Frequently asked questions
- What is a survey questionnaire in market research?
- A survey questionnaire is the actual instrument — screener, core questions, scales, and open-ends — fielded to a sample of respondents to answer a specific research question. Unlike a concept test, it isn't limited to reacting to one new idea; it can measure usage and attitudes, satisfaction, positioning, or any topic a team needs a structured, comparable read on. This skill writes that instrument end to end.
- How is this different from the Concept Screening Survey Designer skill?
- The Concept Screening Survey Designer is purpose-built for one job: testing a new product concept, with a neutral concept exposure and measures like purchase intent, uniqueness, and believability tied to that concept. This skill is general-purpose — it writes a clean, unbiased survey for any research topic, from usage and attitudes to satisfaction to positioning, with no concept exposure required. Use the concept screener when you're testing a specific new idea; use this one for everything else.
- Which AI models does this prompt work with?
- Any capable chat model — ChatGPT, Claude, or Google Gemini.

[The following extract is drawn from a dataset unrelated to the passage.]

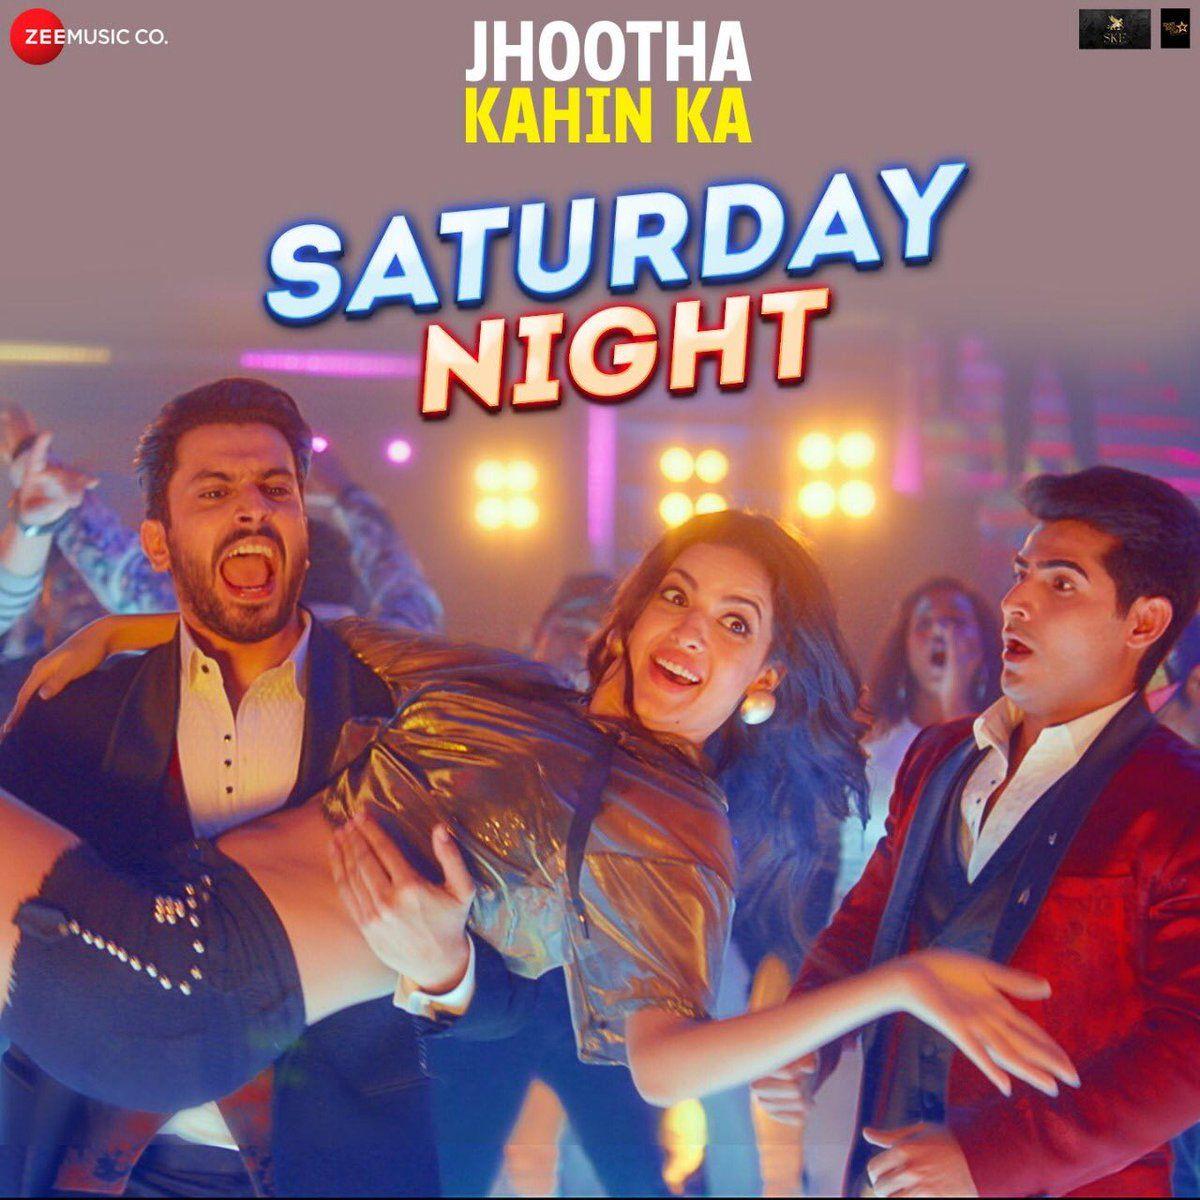 New song Saturday Night from the movie Jhootha Kahin Ka

The prompt is model-agnostic, so paste it directly into a chat, save it as a Custom GPT, or store it as a reusable skill so every new research topic gets the same clean, unbiased instrument.
- Will it invent benchmark norms or sample sizes?
- No. It structures screeners, questions, and scales, but it will not fabricate past-wave benchmarks, category norms, or a required sample size — those get labeled as assumptions to validate against your own research history or a statistician's input, so you don't walk into a debrief with an invented comparison point.